Дракон снова взмыл, обошел по кругу и снова распластал крылья прямо над нашими головами. Наездник даже не стал бросать дротики. Я все понял, когда заметил, как он машет руками. Да и сам дракон с растопыренными крыльями хороший ориентир: видно, где нас искать.

Ощущение было такое, что мы мчимся по бескрайнему полю, а там появляются кучки заргов. Потом я понял, что это те, кому не нашлось места в огромном лесу, эти расположились на полуденный отдых под открытым небом, где не отыскать даже веток для костра.

Я на ходу бросал молот, рубил мечом, мы неслись почти вслепую, пока Гендельсон не увидел вдали развалины громадного строения… или же просто рассыпавшуюся от старости гору. Он указал мне молча, я кивнул и снова метнул молот. Наши кони храпели, мчались во весь опор. Я оглянулся, заводные не отстают на длинном поводе, земля гремит под их копытами, в глазах ужас, будто знают, что зарги коней едят живыми.

Еще одна группа абсолютно одинаковых существ поднялась с земли, мы уже не могли свернуть, врезались, стоптали. Я рубил в обе стороны, слышались лязг, вопли, дикий крик раненого коня. Оба заводных коня остались в лапах заргов, но мы вырвались, руины все ближе. Теперь видно, что это не то развалины древнего замка, не то заброшенная крепость — начали строить и бросили на полдороге…

С камней поднялись пятеро широких массивных заргов. Я метнул молот, с мечом налетел на второго, молот поймал и ухитрился бросить еще раз. Гендельсон героически рубился сразу с двумя, я слышал сильнейший звон железа по железу, меч у него выбили, щит тоже выбили, но я сразил своего противника, бросился сзади и совсем не рыцарским ударом в спину свалил четвертого.

Последний повернулся, вскрикнул и, бросившись моему коню под брюхо, перекатился там ловко, вскочил и понесся с невиданной прытью навстречу той массе, что неслась за нами следом.

Я попробовал направить коня по камням, конь оступался, жалобно ржал. Гендельсон сполз с коня, я надеялся, что его уже зарубили насмерть, но он с усилием подобрал меч, на щит сил не хватило, повернул по мне озабраленную голову.
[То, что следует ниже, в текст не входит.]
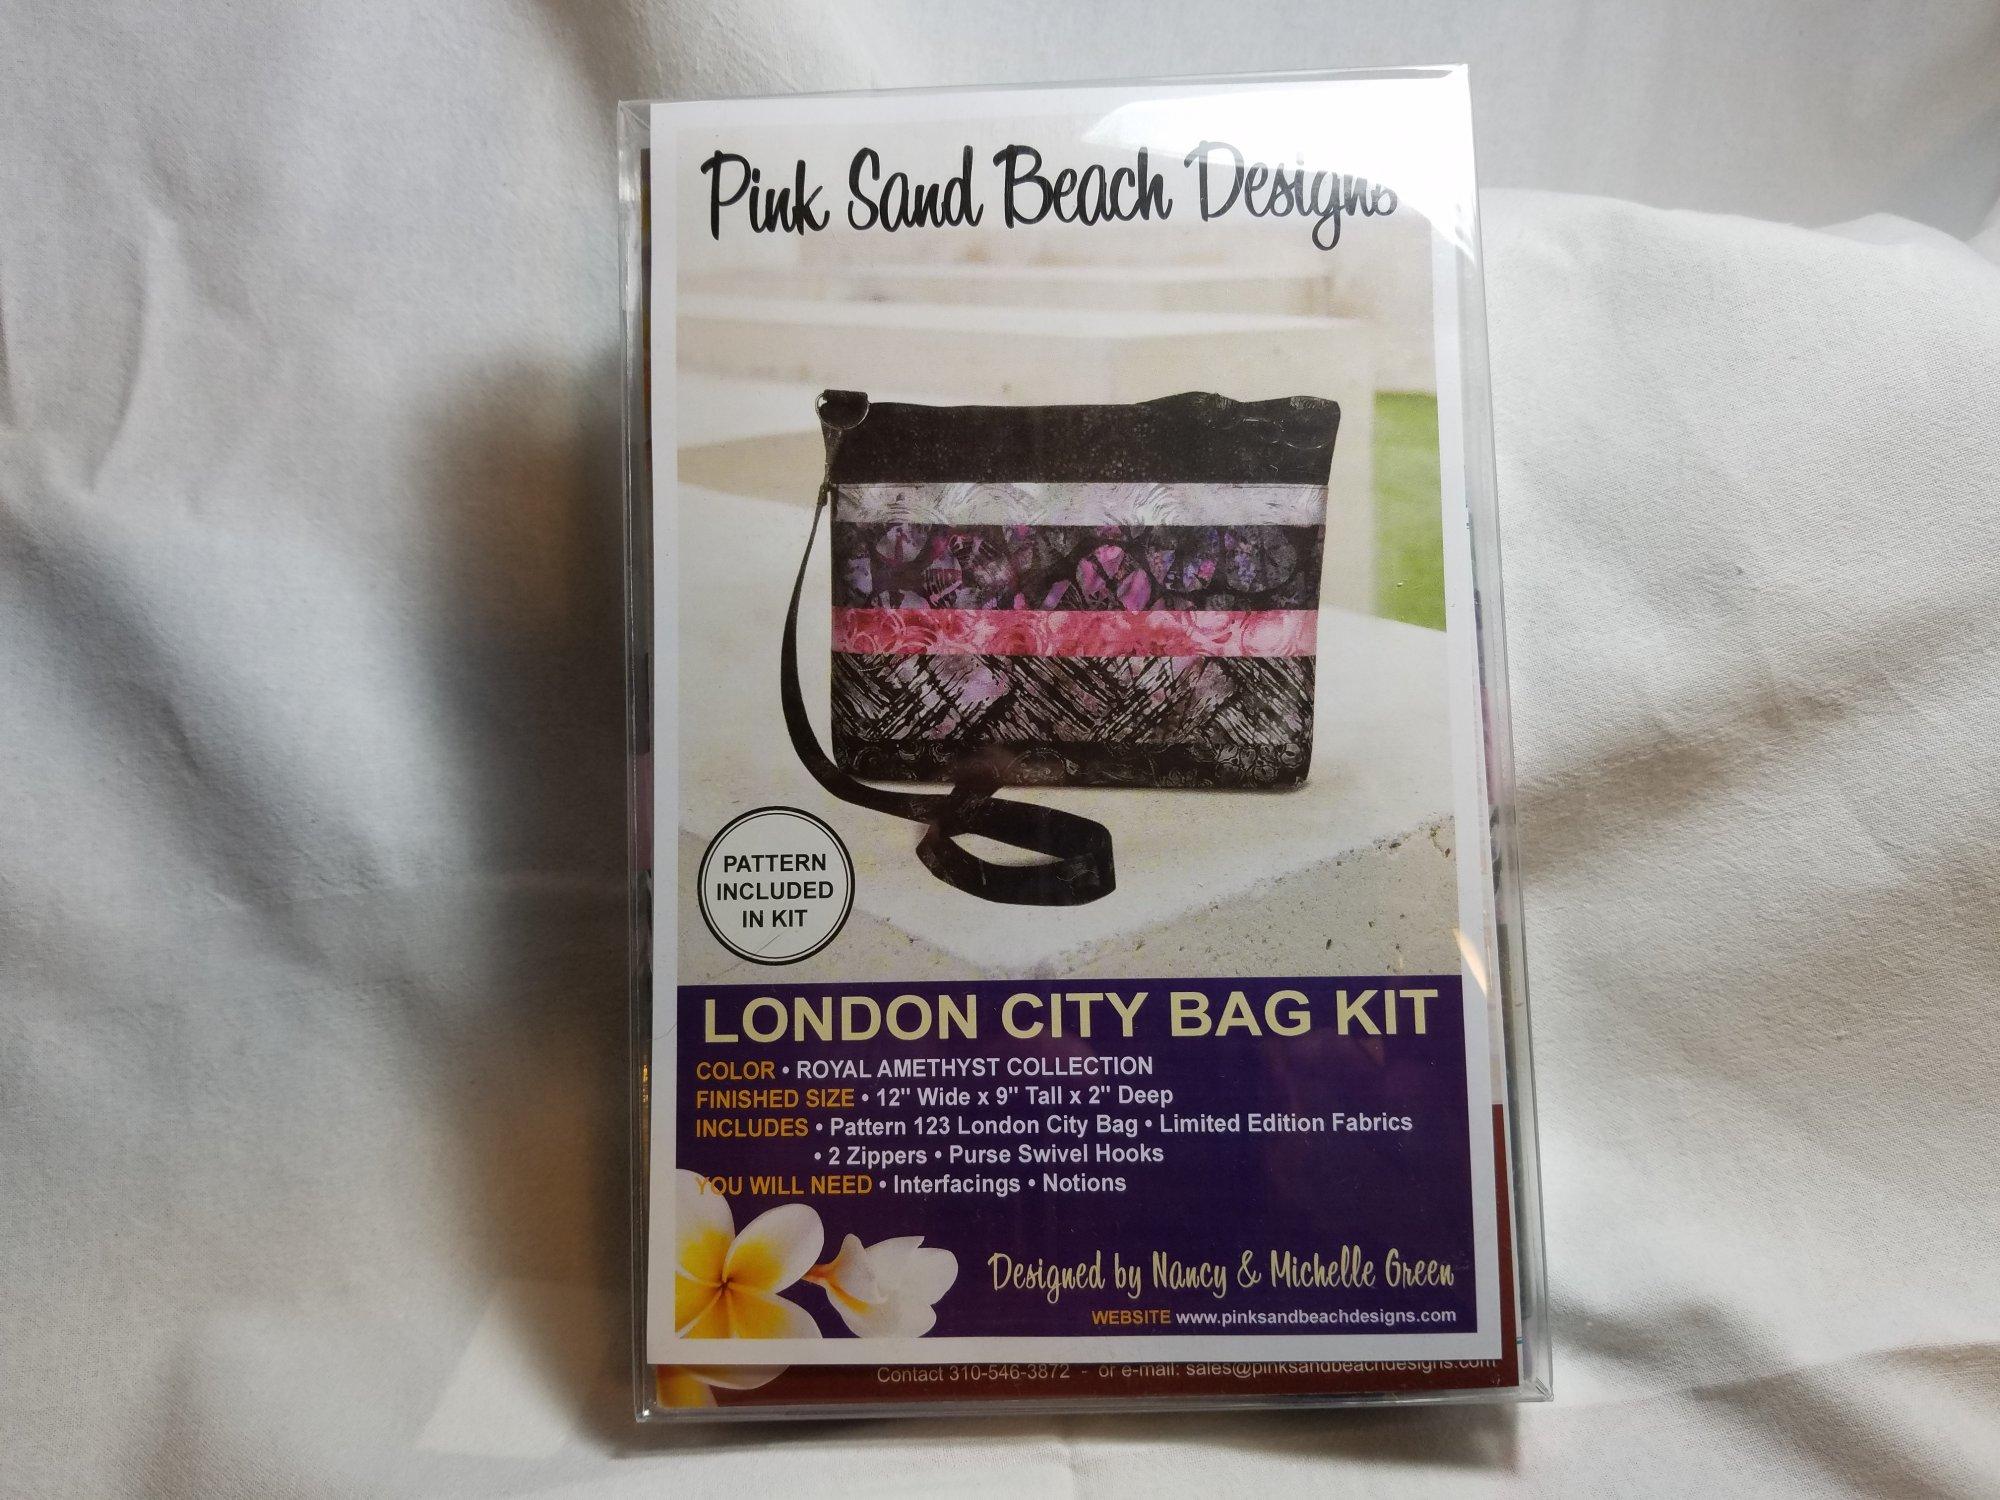 London City Bag Kit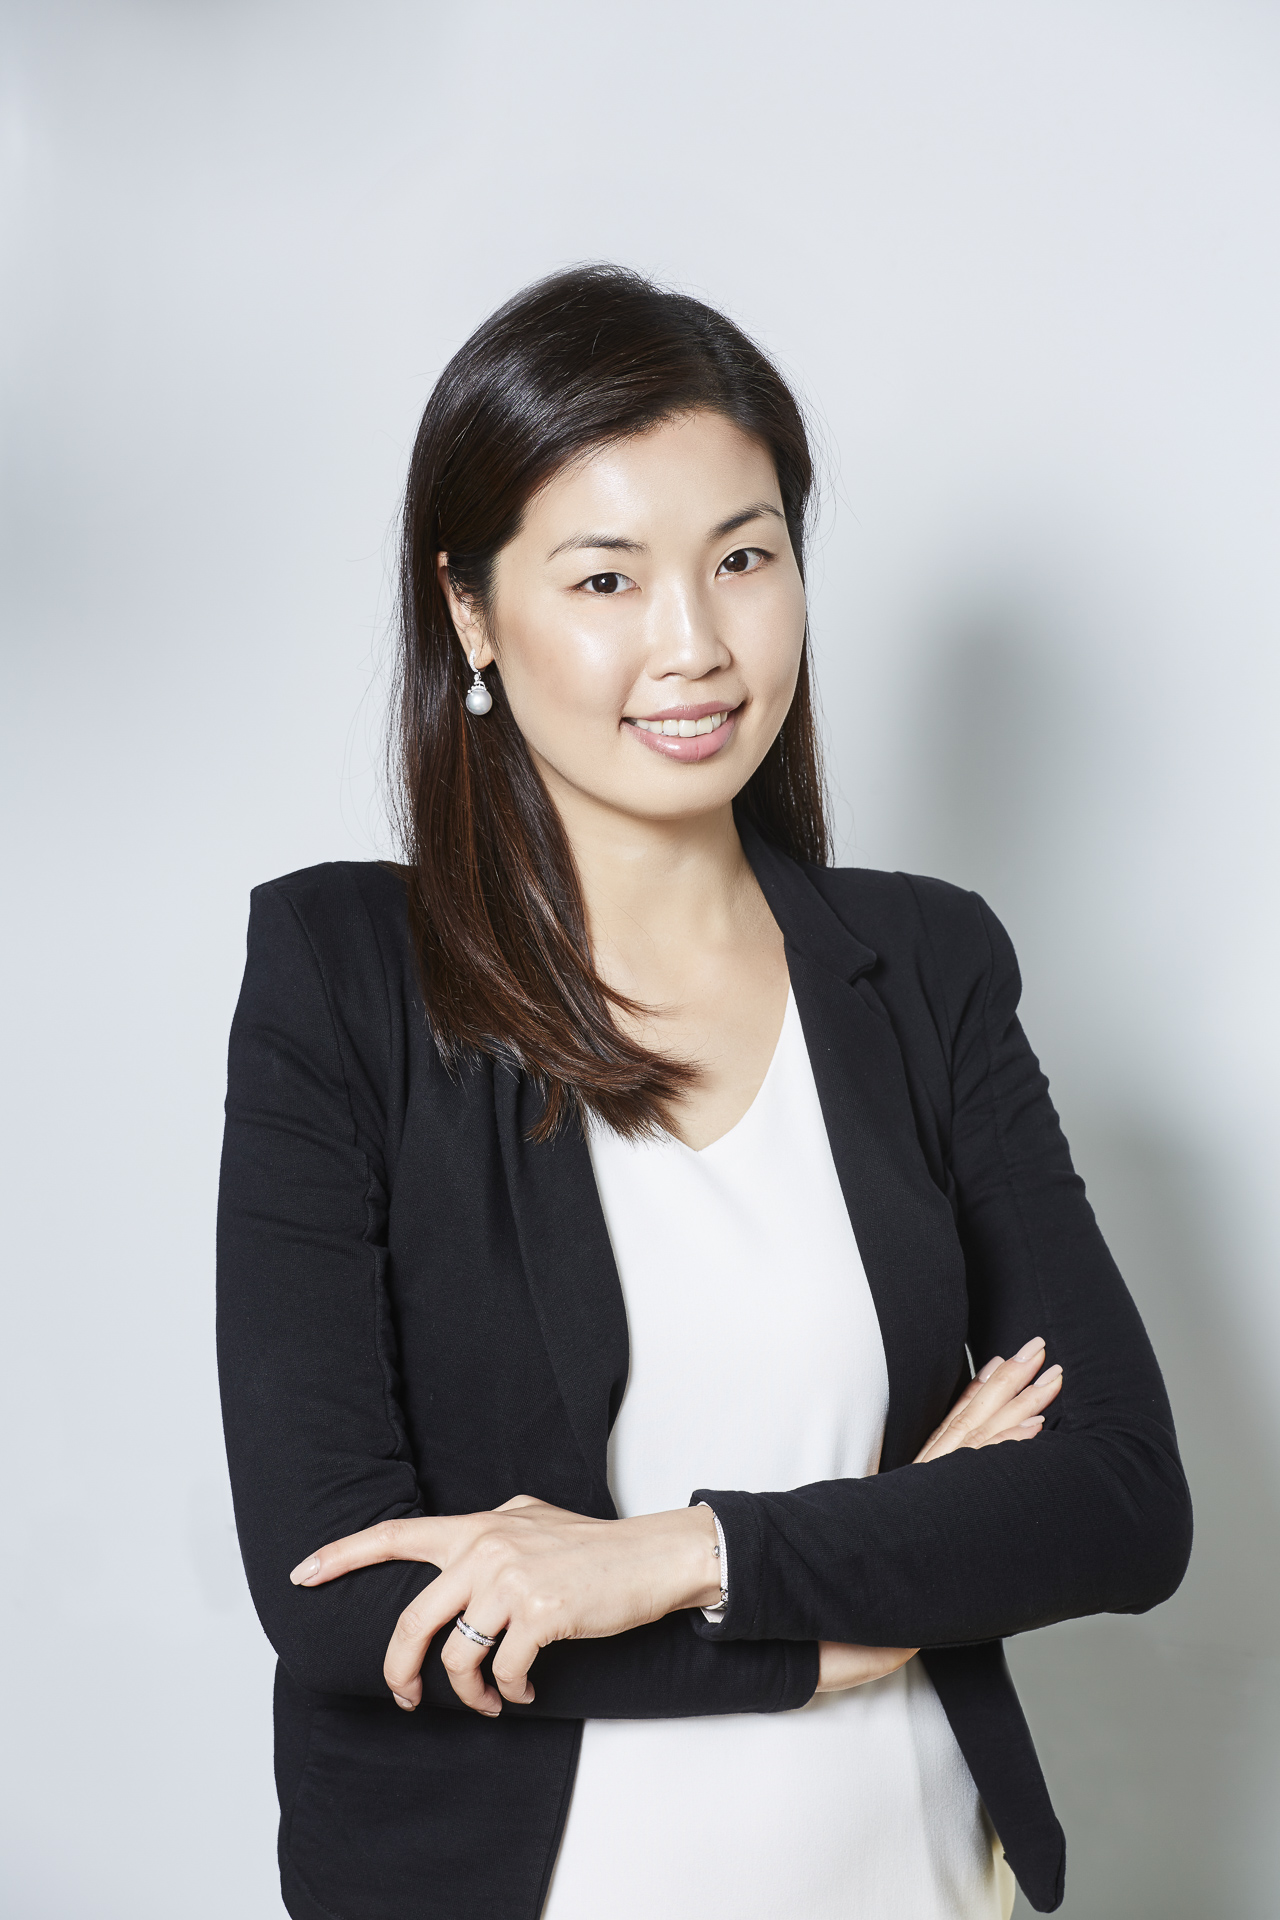 Corporate-Portrait-Photography-Singapore_0003

— Сэр Ричард… коней придется оставить…

Я молча сорвал с коня мешок с моими драгоценными мечами, свистнул, заорал:

— Пошел вон! Да поскорее, зарги идут, тебя сожрут без соли!

Вороной, словно поняв, сорвался с места в галоп. За ним понесся конь Гендельсона, а мы бросились по камням наверх. Глыбы с округлыми краями — словно морские валуны; что можно строить из таких — непонятно. Гендельсон спешил впереди, потом я его обогнал, но почему-то стало неловко, остановился, пропустил его карабкаться дальше, вытащил меч.